The consequences on the range of an electric vehicle can be coarsely estimated with Equation (7) [37].

$${Range}_{loss}={Range}_{max}-{\displaystyle \frac{{Range}_{max}}{1+\frac{{Spec}_{range} \ast Power}{Speed}}}$$

(7)

The maximum range of the Renault ZOE is rounded at 300 km, the specified range at 6.6 km/kWh, and the average speed on WLTC is 47 km/h. With this calculation, it is possible to estimate the impact on the driving range depending on the recirculation flap configuration. The power consumption of the compressor and the resulting impact on the driving range are presented in Figure 13 for the three ambient scenarios. The “range gain” chart is calculated by subtracting the ${Range}_{loss}$ of the given configuration to the common 100% fresh air case. This configuration is used as the worst-case reference. The range gain in the other fresh air configurations represents the improvement from this common 100% fresh air configuration.

Eventually, for the three scenarios, the best optimisation between cabin comfort and energy savings is achieved by setting the HVAC flap position with the opti-CO₂ mode (between 22% and 37% of fresh air depending on the infiltration intensity on WLTC with two occupants). Compared with the common case “100% fresh air” the power gains of the compressor in COLD, MEDIUM, and HOT scenarios are, respectively, 14%, 19%, and 38%. These gains are very important because the overall power consumption of the heat pump is a major drawback for the driving range of the car. In the 100% fresh air configuration, the range loss is estimated at 88, 26, and 85 km in the COLD, MEDIUM, and HOT scenarios, respectively. In comparison to the maximum driving range (300 km), such numbers are important. In the opti-CO₂ mode, the gains on the driving range are estimated at 9, 5, and 26 km compared to the 100% fresh air case. It would be possible to increase the gains by decreasing the amount of fresh air, but at the expense of the CO₂ safety aspect, the other bio-effluents emitted by the human body and the infiltration phenomenon.
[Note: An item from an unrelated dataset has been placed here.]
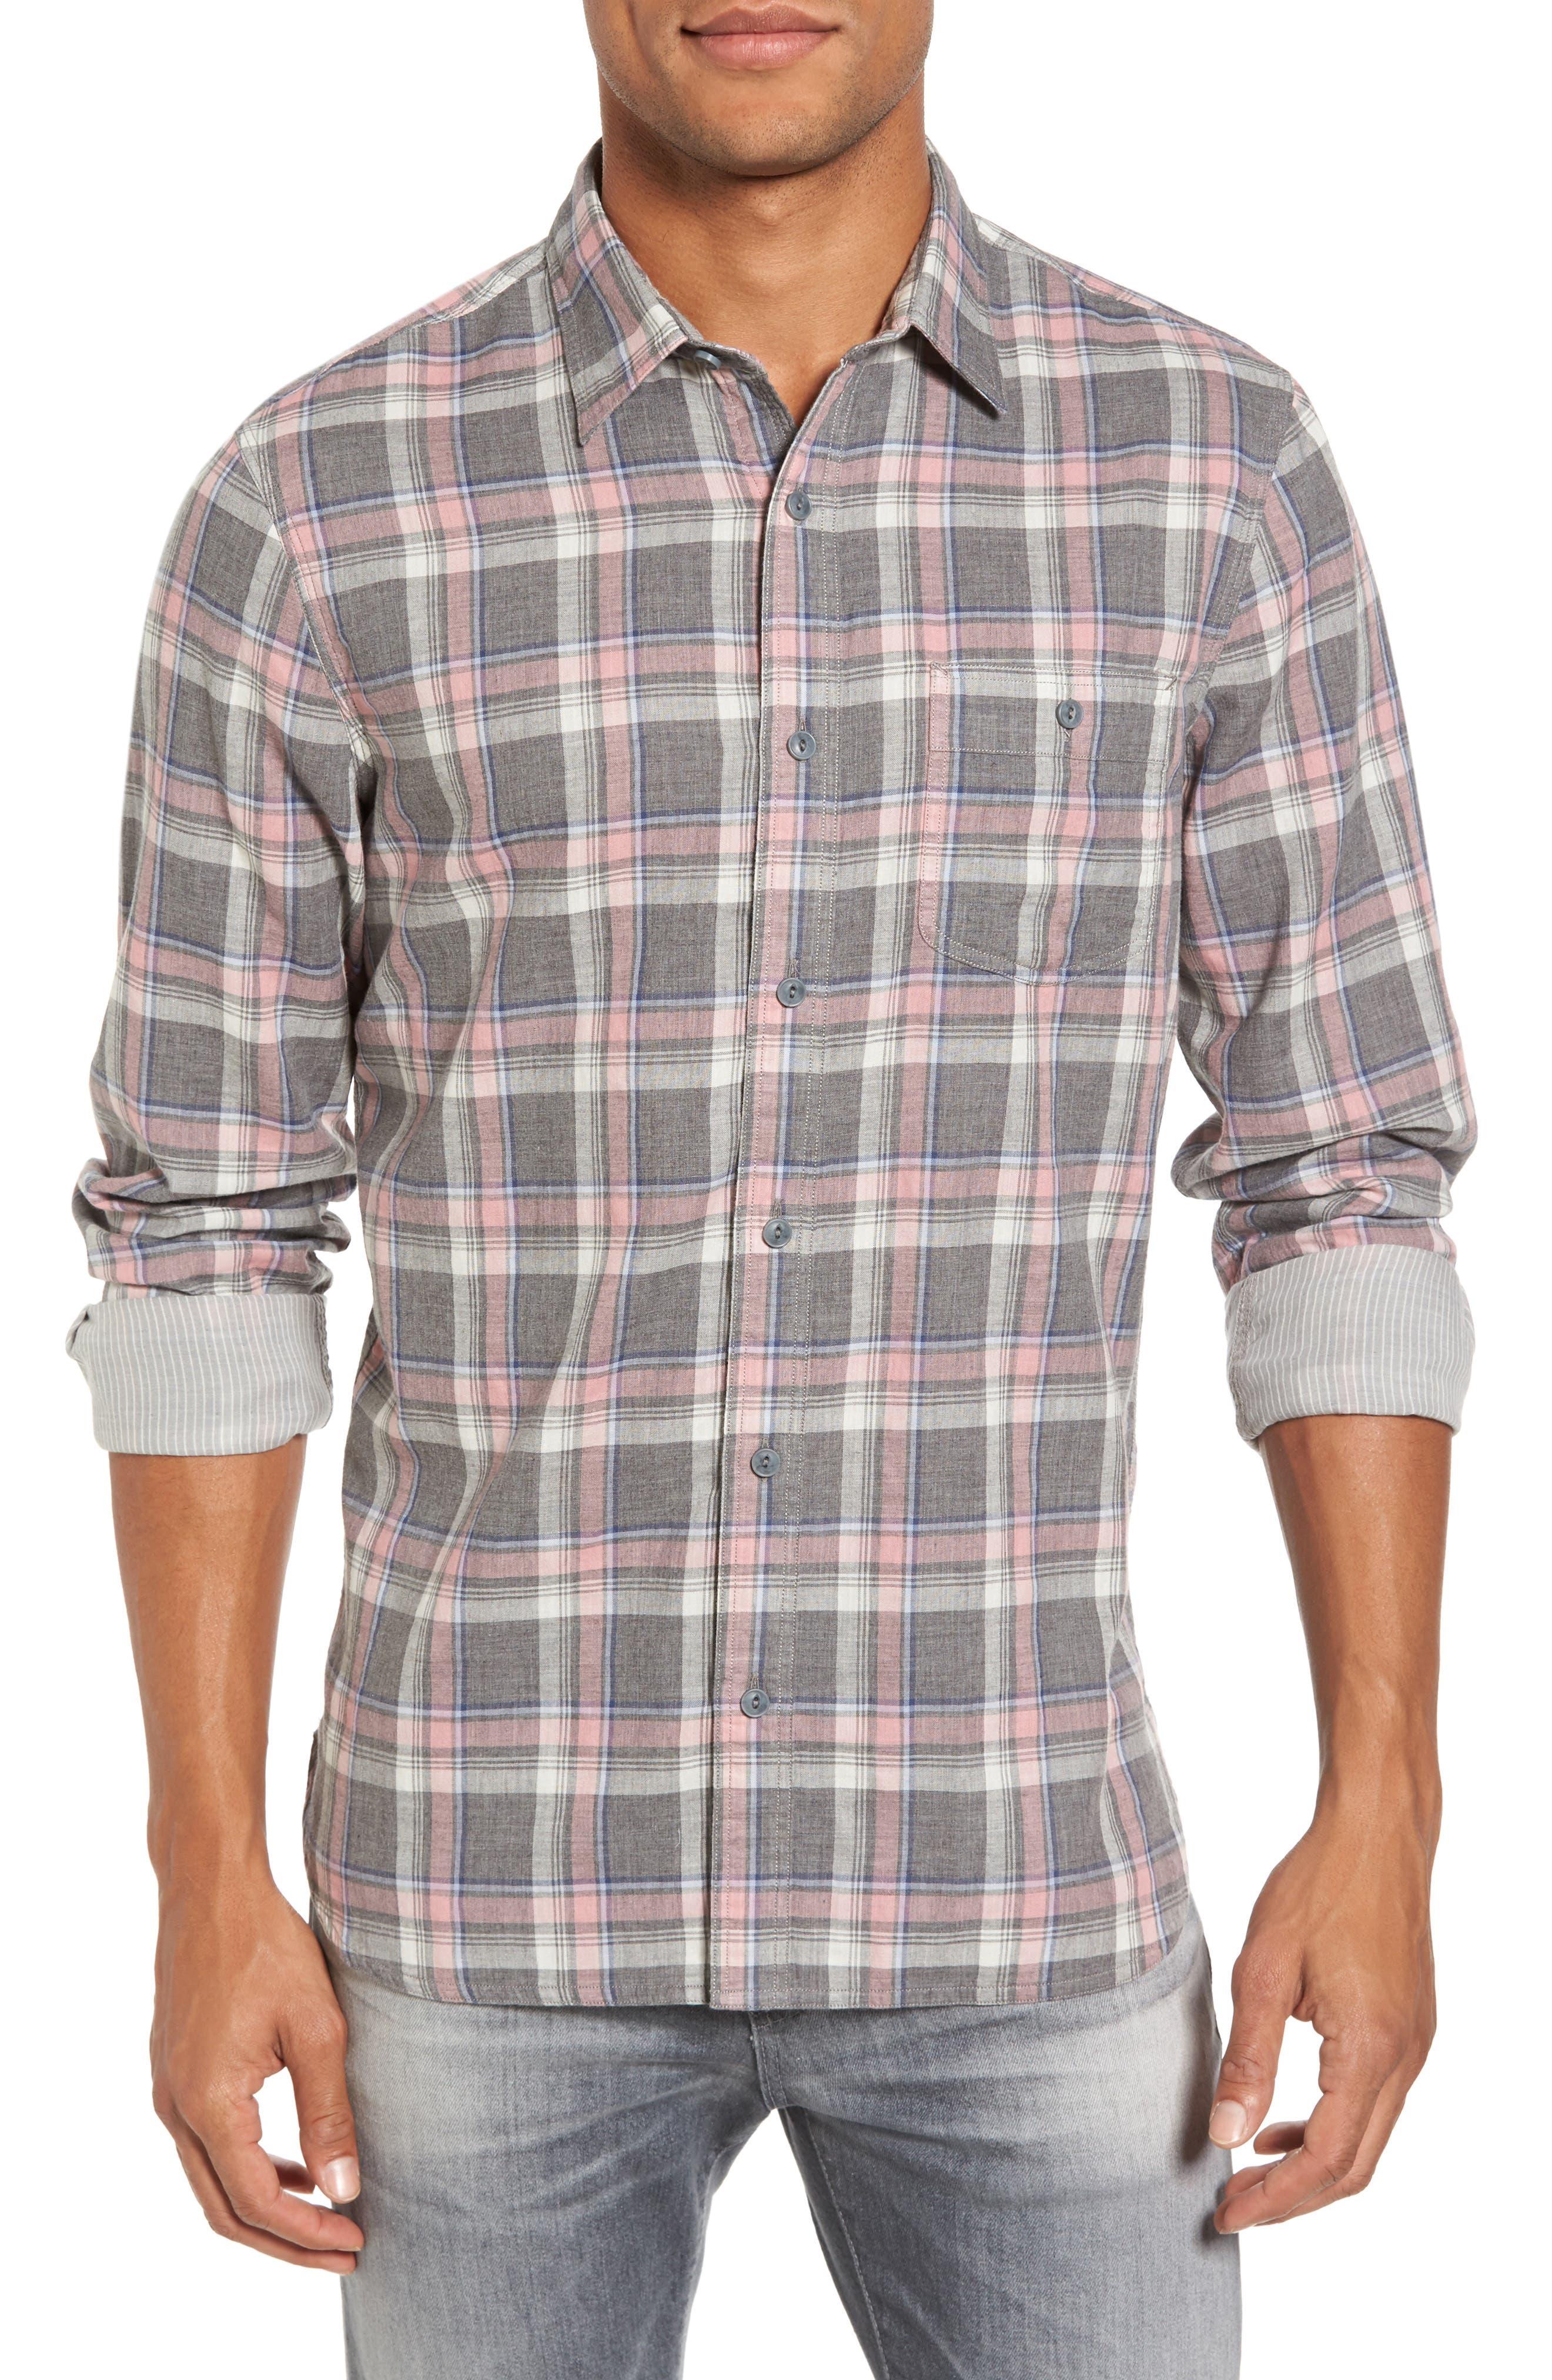 Trim Fit Utility Duofold Sport Shirt,                             Main thumbnail 1, color,                             Grey Paloma Pink Plaid Duofold

A solution can be the implementation of an absorbent system in the cabin to regulate the CO₂ concentration.

3.4. Opti-CO₂ Strategy Investigations

The idea of the opti-CO₂ mode is to find a trade-off between a moderate energy consumption and safe air inside the cabin. In this mode, the recirculation flap is regulated between its two extreme positions in order to achieve a target CO₂ concentration in the vehicle. In the previous simulation results, this target was set at 1100 ppm. The regulation depends on the number of occupants. Table 3 gives an estimation of the stabilised recirculation ratio needed to achieve the 1100 ppm target for different numbers of occupants. Then, the results of Figure 13 can be used to estimate (approximately) the consequences on the energy consumption. This is an approximation because there is also variation due to the heat and humidity released by the occupants. For example, with four occupants in the vehicle, the recirculation ratio is stabilised at 21%, and the results of the 80% fresh air case can be used as an approximation. The main difference would be during the transient stage, when the recirculation flap is completely opened in the opti-CO₂ mode. The range gain with four occupants would be 5, 2, and 12 km for the three scenarios (COLD, MEDIUM, and HOT) compared to the full fresh air cases. This stresses out the influence of the number of occupants on the results: the opti-CO₂ mode is very relevant with a low number of occupants, but cannot provide a major benefit when the cabin contains its maximum number of passengers.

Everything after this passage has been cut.